Saturday, September 26, 2009

Prelude to Living in Providencia, Part One: Planes

So I’m here in Providencia, finally moved into the place where it looks as though we’ll be spending the next 2-3 months. It’s Saturday morning, and I started traveling Monday afternoon. It’s been a very long week. I’m sitting in a restaurant called Pizza’s Place that gets good reception for the internet, and although it’s closed now nobody really seems to care that I’m sitting here because nobody really cares what you do here in general. Providencia is undeniably beautiful and has all the allure you’d hope for in a remote, somewhat run-down tropical island. (Though for such a small place, I have to say that it takes an awfully long time to get around, and for an island, there are surprisingly few beaches.) In somewhat reduced form, here follows the chronicle of getting to this point. I’m going to post it in two parts, because a whole lot of crap was packed into the last few days.

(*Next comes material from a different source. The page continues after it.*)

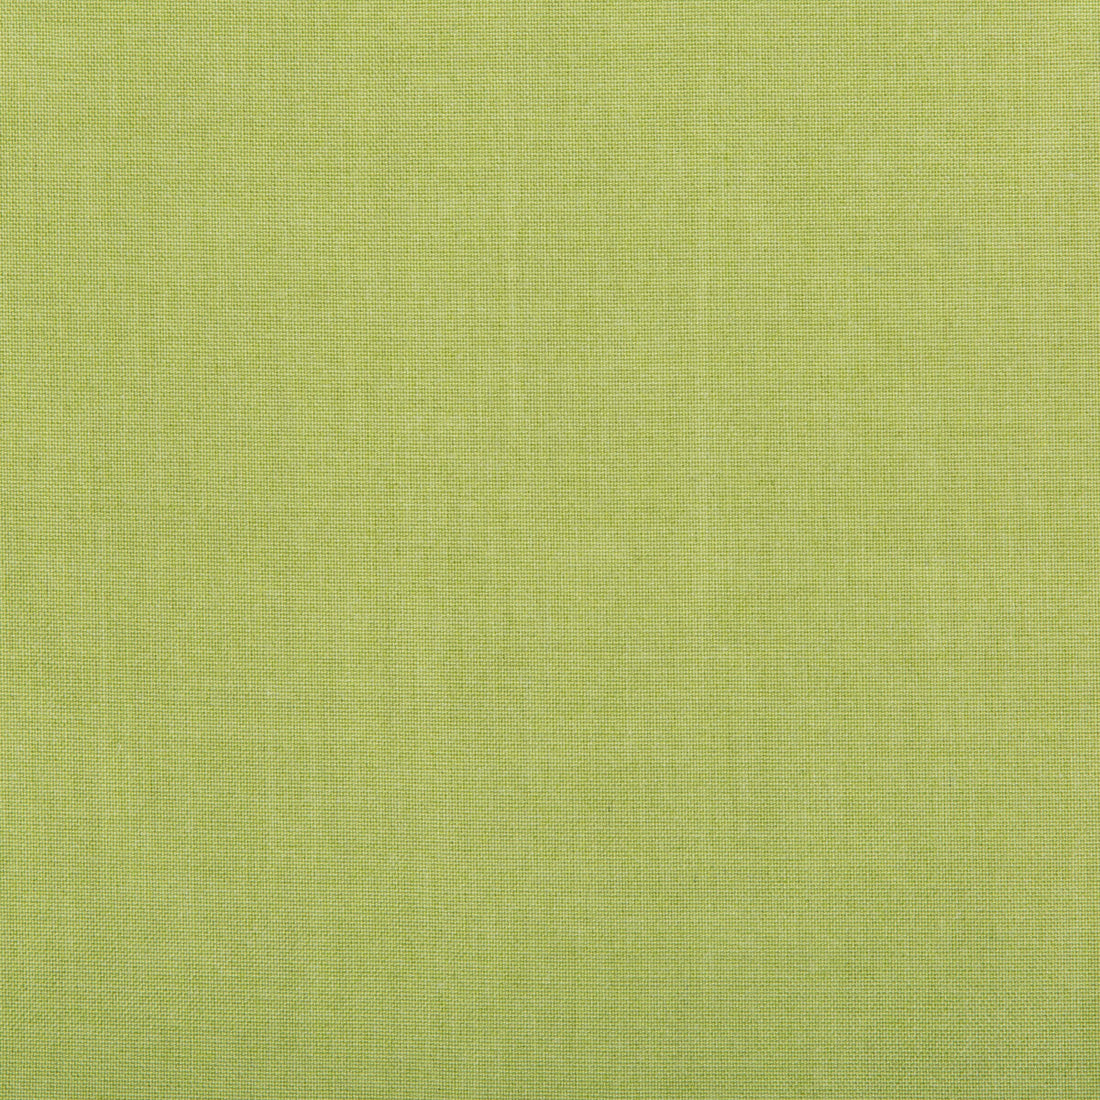 Kf Bas fabric - pattern 35372.3.0 - by Kravet Basics in the Performance Indoor Outdoor collection
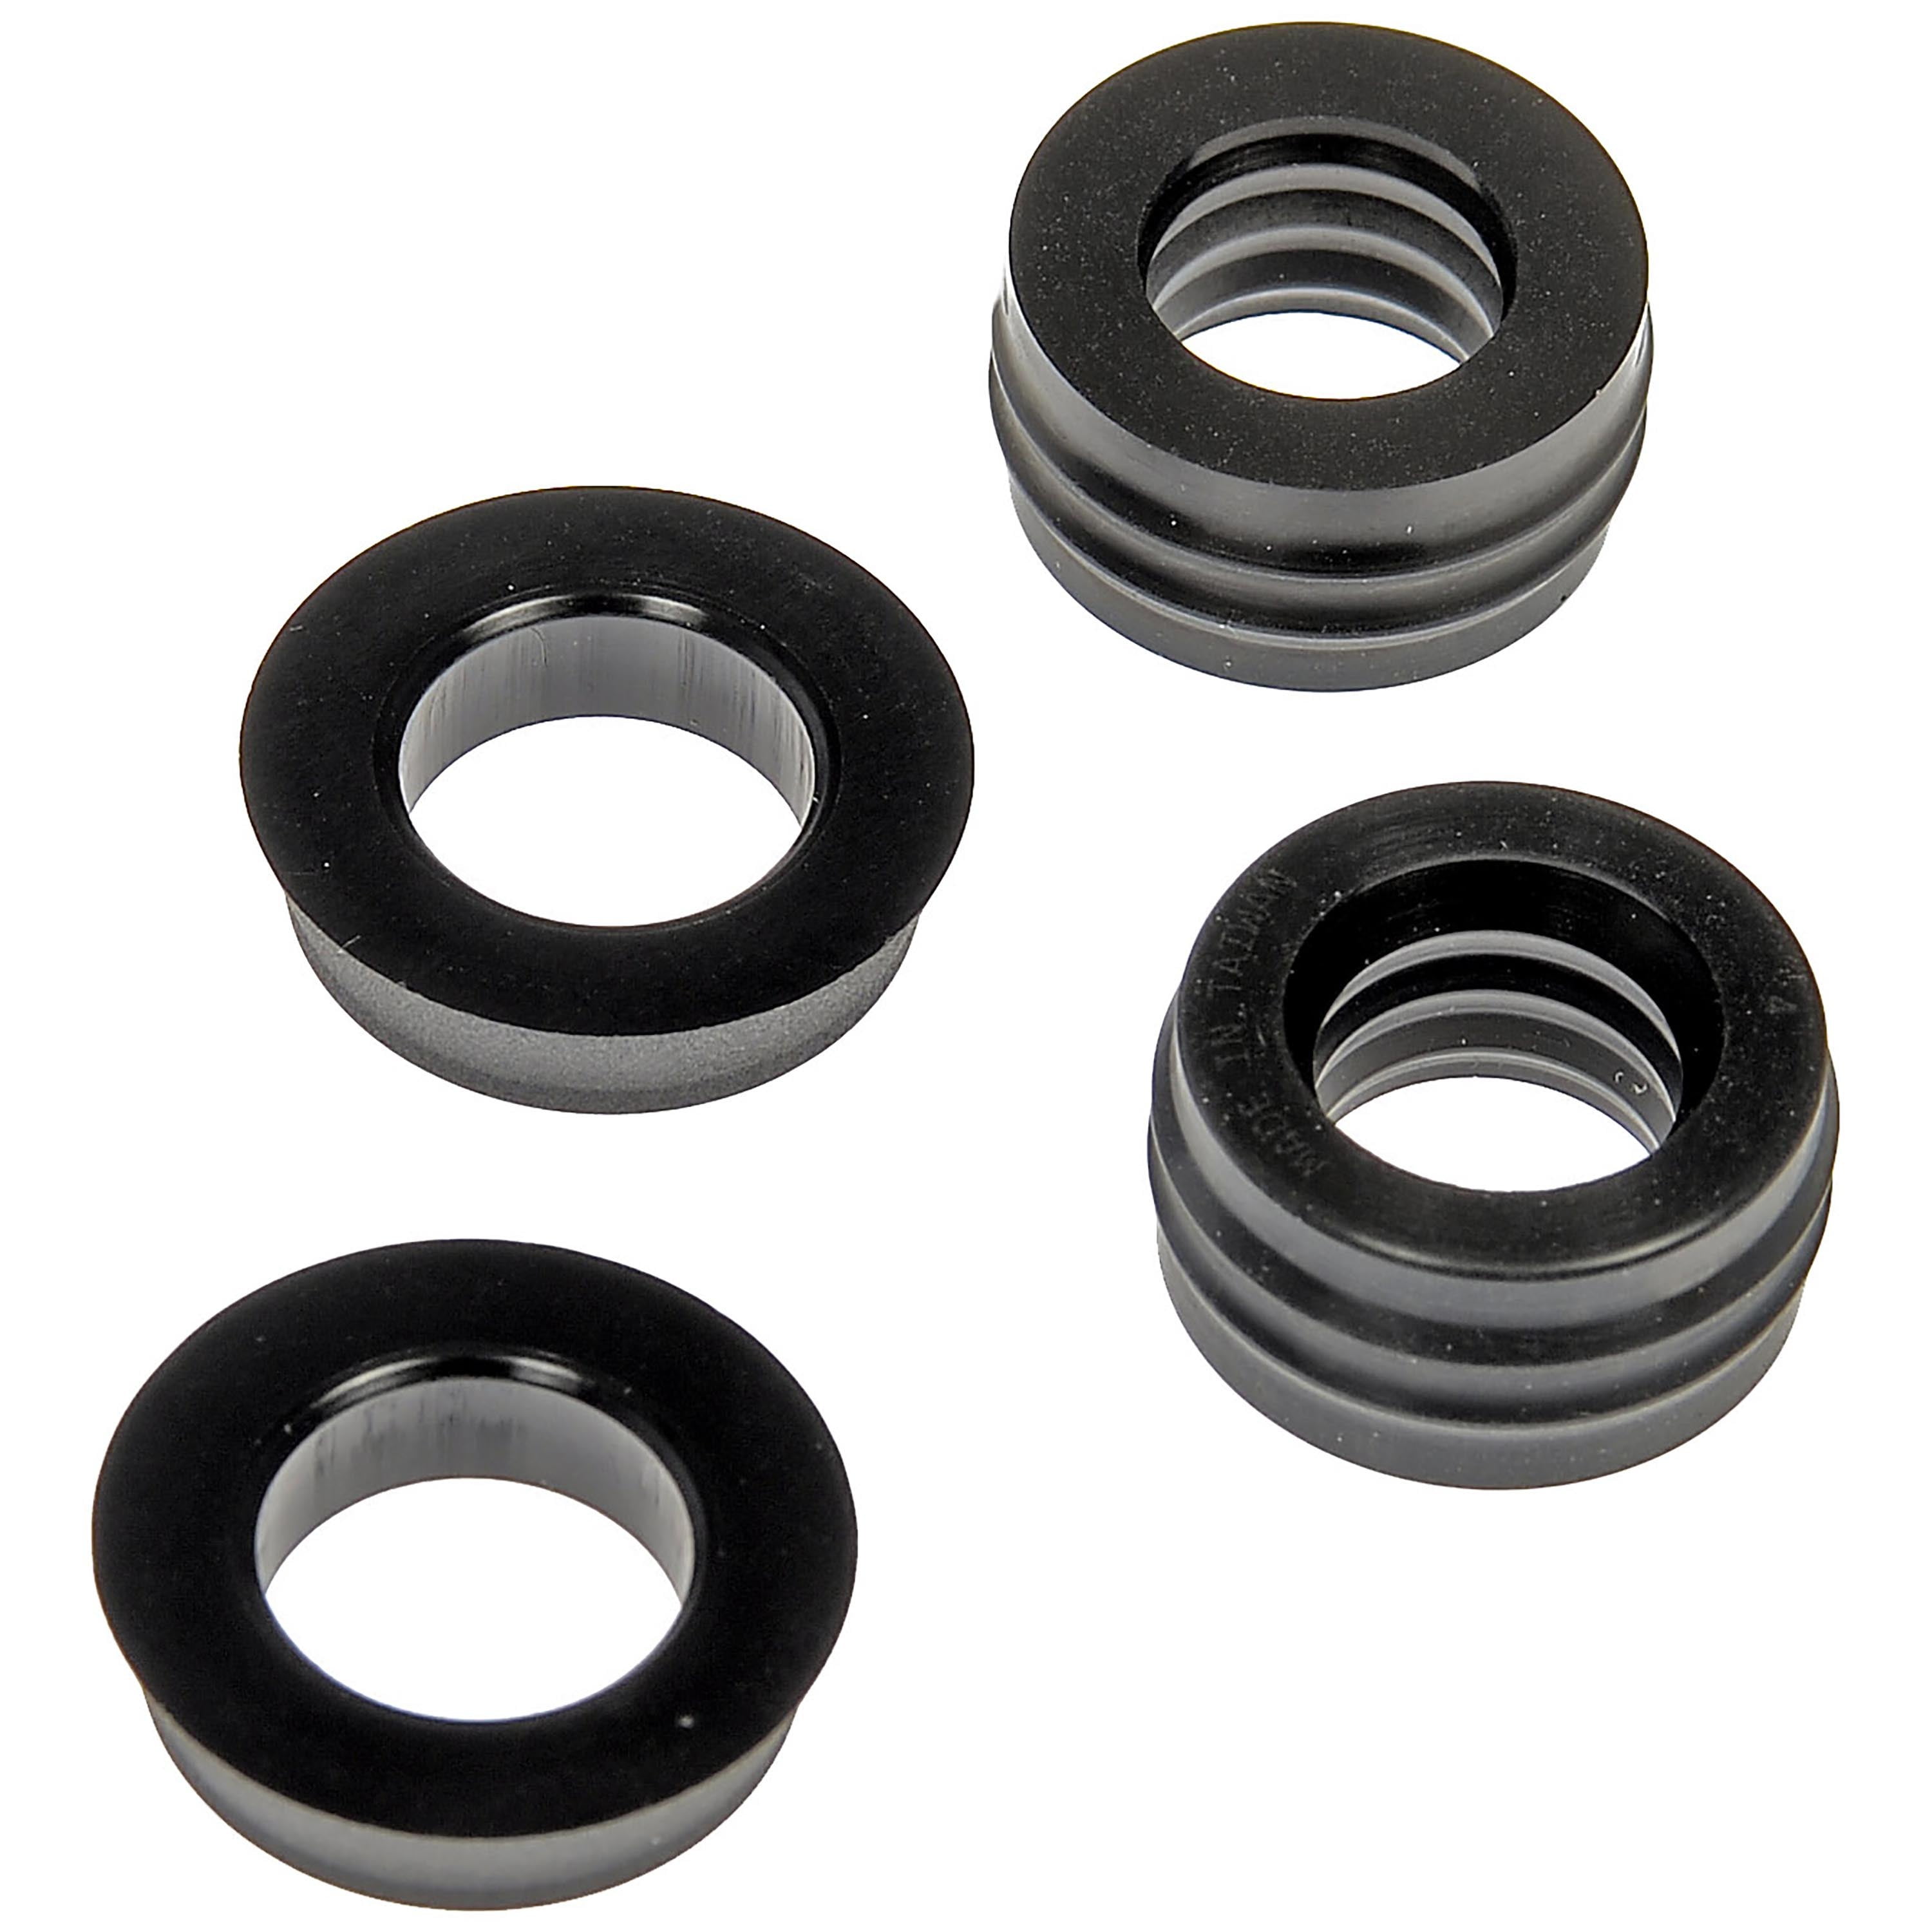 Steelbird 0SBSV3K5-B Rubber Oil Seal in Mumbai at best price by A to Z Bike  Accessories - Justdial

Monday, 1:30 pm: My mom and I leave the house, heading for LaGuardia. The plan: NY to Houston to Bogota to San Andres to Providencia, all in all a solid 24 hours of traveling. At this point, I am wishing that I could just cut to Tuesday night and be happily and comfortably moved in, avoiding all of the hassle of traveling. (Big mistake. Tuesday night = extremely, comically miserable. If I had seen into the future, I might have chosen to abandon the whole enterprise.) We arrived at the airport, I went through security and everything, no problem, waited for the plane, and took off on schedule. Arrived in Houston at around 8:00 pm (really 9:00 with the time difference) and killed time until taking a connecting flight to Bogota at midnight. I arrived in Bogota tired but on schedule at 5:00 am. So far, so good.

I met up with Silvia and Pola, her cat, at the Bogota airport. After breakfast at a place called Crepes y Waffles (exactly what it sounds like), we made our way through security, including a security officer opening all my carry-on luggage and squeezing the lining to make sure I wasn’t concealing everything, and caught our flight to San Andres. Upon landing, we made our way past some sort of customs officer who did not seem pleased that we were planning to stay as long as we were. There, our bags were checked again. A guy at the airport helped us store our luggage for a few hours and then drove us to lunch and back. Lunch was stewed conch. It was very good. When we returned to the airport and checked in for our final flight, they informed Silvia that her cat Pola was going to have to be checked. Silvia may have thought that it was cause for concern, but it was in fact hilarious, and both I and the guy moving the luggage acknowledged this fact. When we got to the plane, the guy showed her that Pola was safely stowed on top of all the other luggage (it was a little propeller plane so all the luggage was just in the back). Providencia looked gorgeous from the air. We landed. We made it.

The hilariously, cinematically disastrous escapades of part two to come next.

Saturday, September 19, 2009

Traveling

So I am leaving shortly to spend roughly three months in Providencia, a small, somewhat remote island in Colombia. I'm going to be living with my good friend Silvia, spending my time writing, exploring, and learning Spanish. I'll post updates and stories on here, so check back later to find out more about my travels. I'll also try and set up a place to look at pictures (though that might be iffy depending on Internet speed), and I'll post the link here once I get that up and running.